### AIM OF THE TASK
Return the data verbatim, without pictures.

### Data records
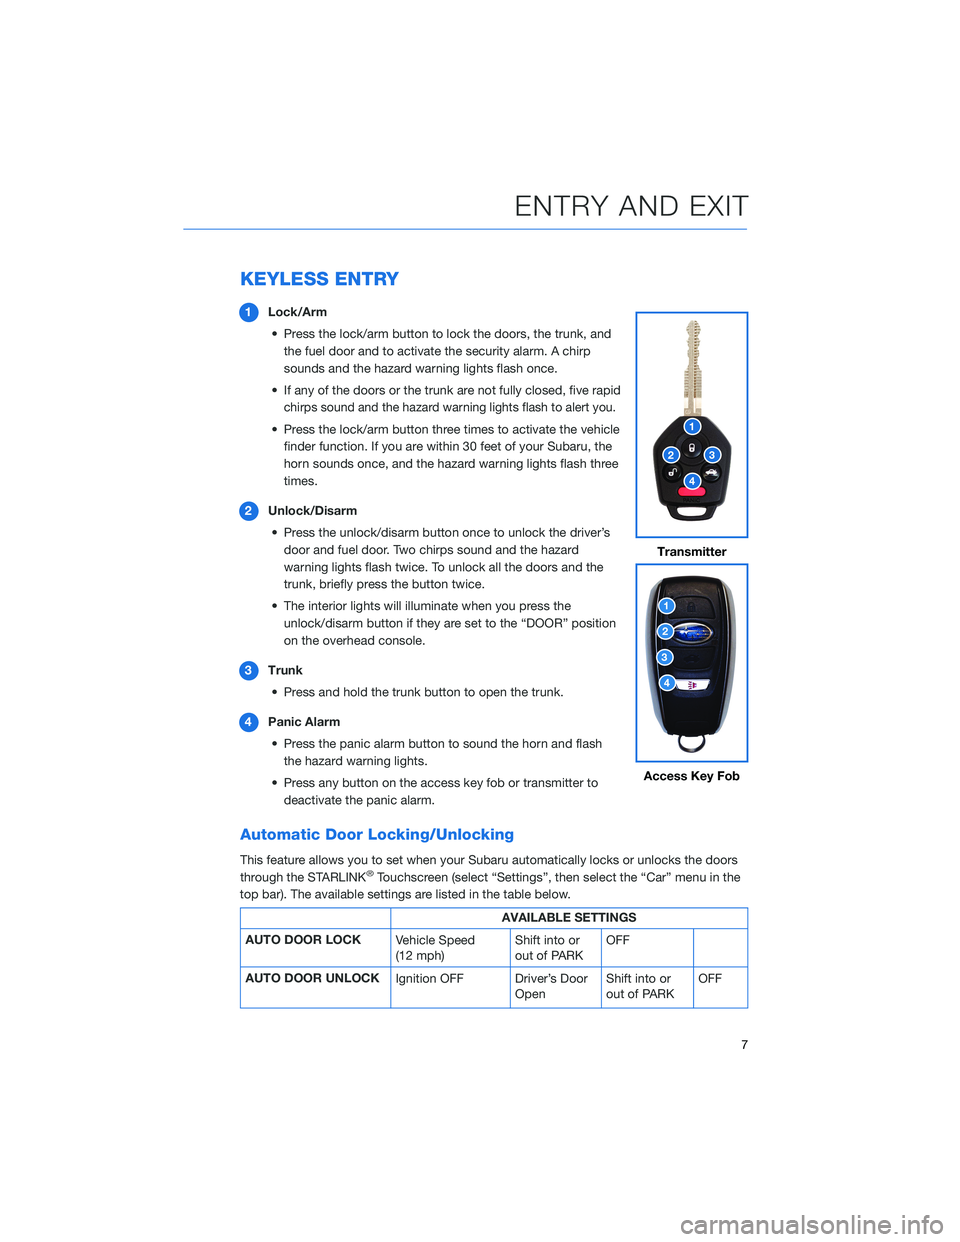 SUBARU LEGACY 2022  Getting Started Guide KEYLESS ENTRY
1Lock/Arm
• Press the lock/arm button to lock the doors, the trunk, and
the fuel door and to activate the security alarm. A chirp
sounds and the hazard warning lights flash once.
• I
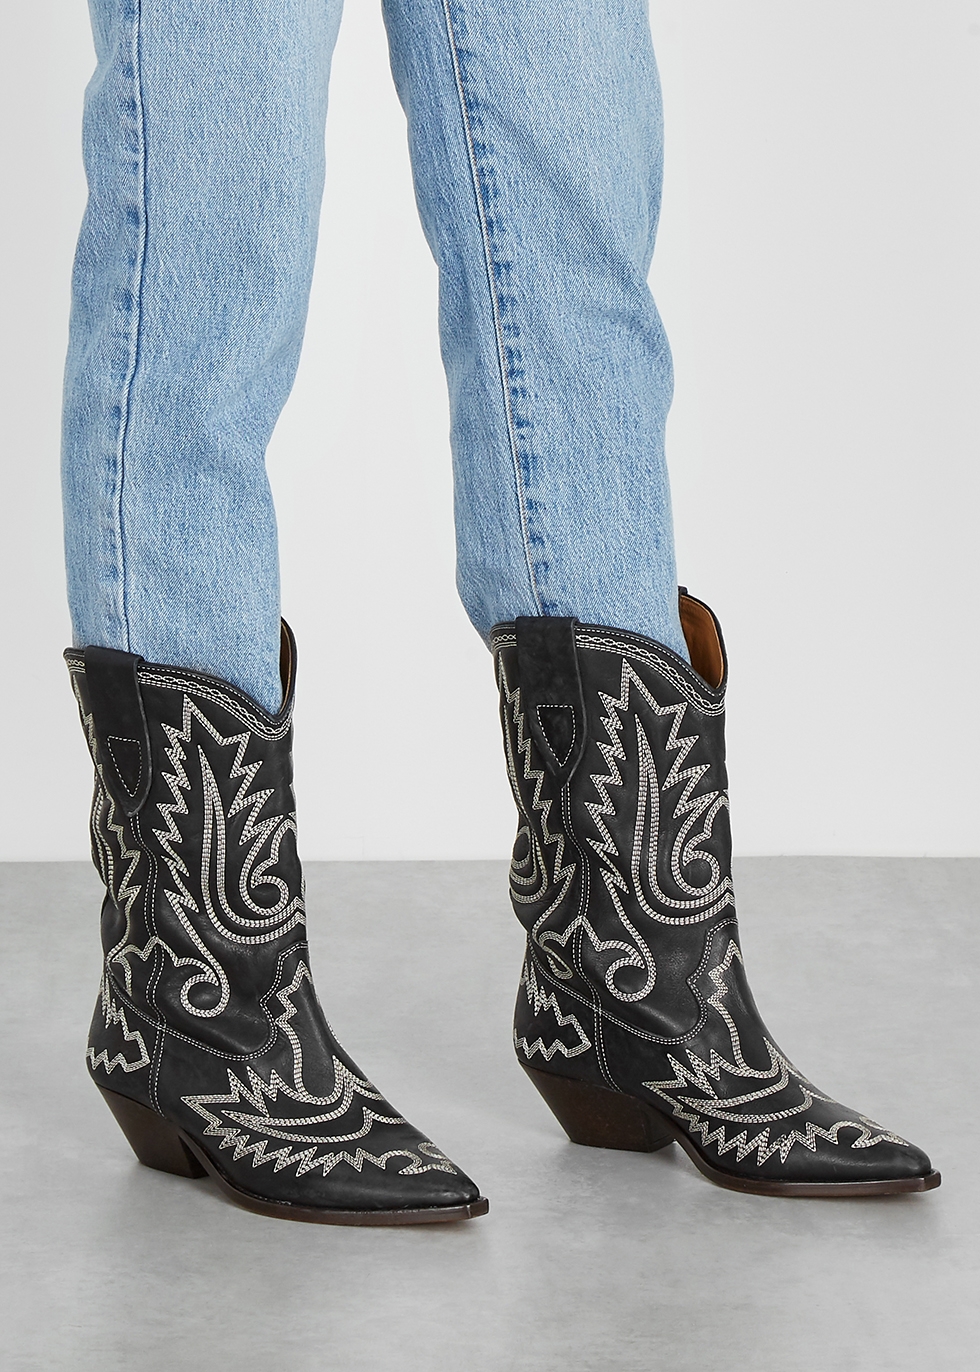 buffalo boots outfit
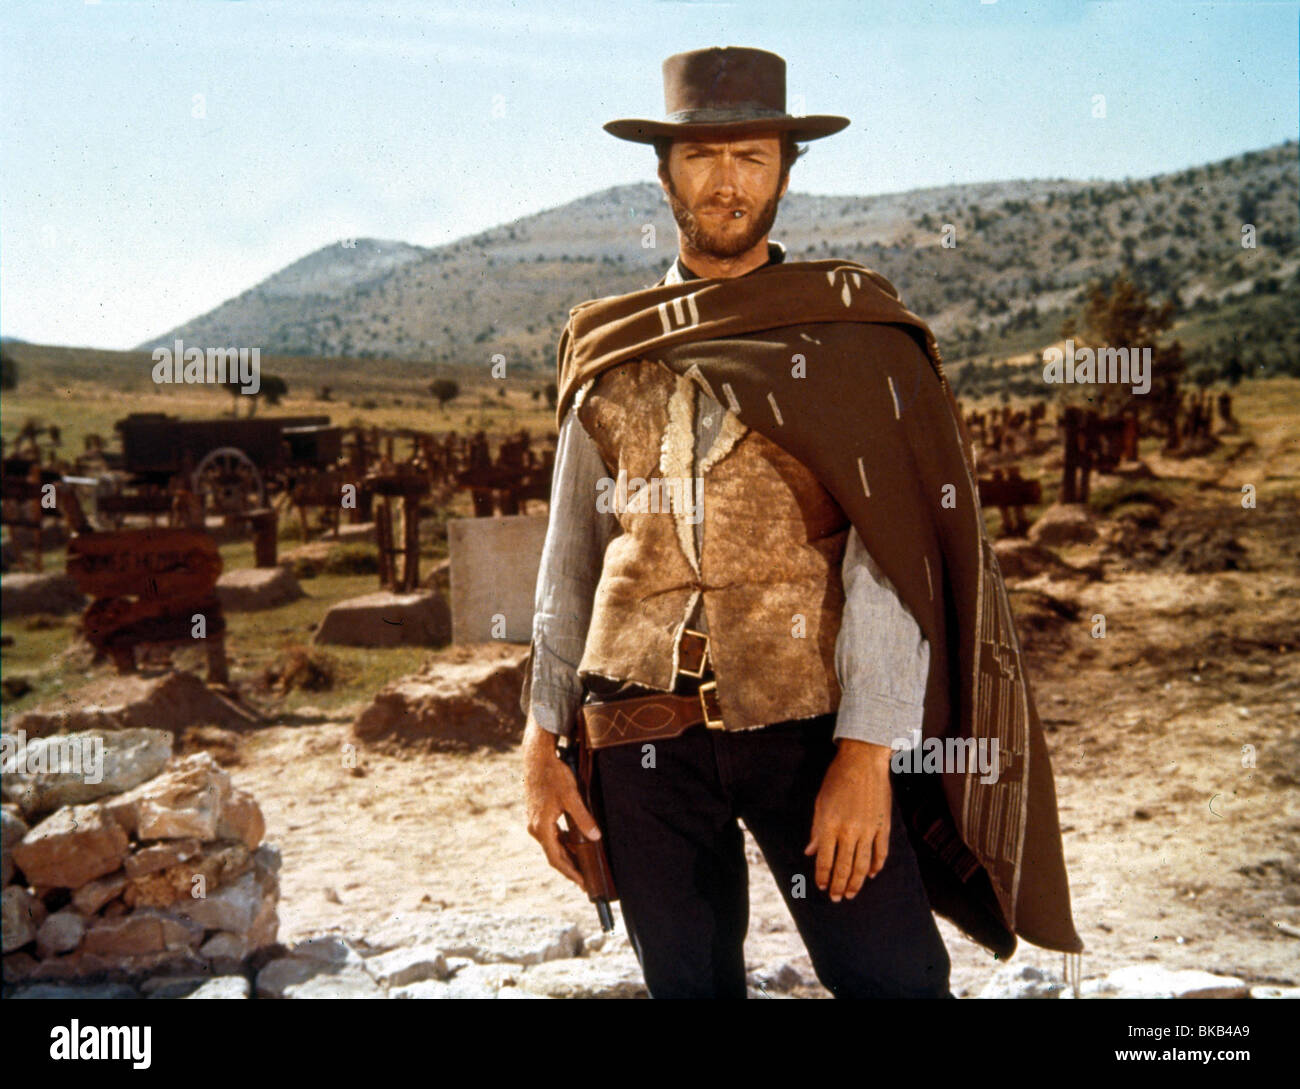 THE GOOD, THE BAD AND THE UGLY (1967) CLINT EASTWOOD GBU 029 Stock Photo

### REPLY TO THE EXERCISE
 SUBARU LEGACY 2022  Getting Started Guide KEYLESS ENTRY
1Lock/Arm
• Press the lock/arm button to lock the doors, the trunk, and
the fuel door and to activate the security alarm. A chirp
sounds and the hazard warning lights flash once.
• I
 buffalo boots outfit
 THE GOOD, THE BAD AND THE UGLY (1967) CLINT EASTWOOD GBU 029 Stock Photo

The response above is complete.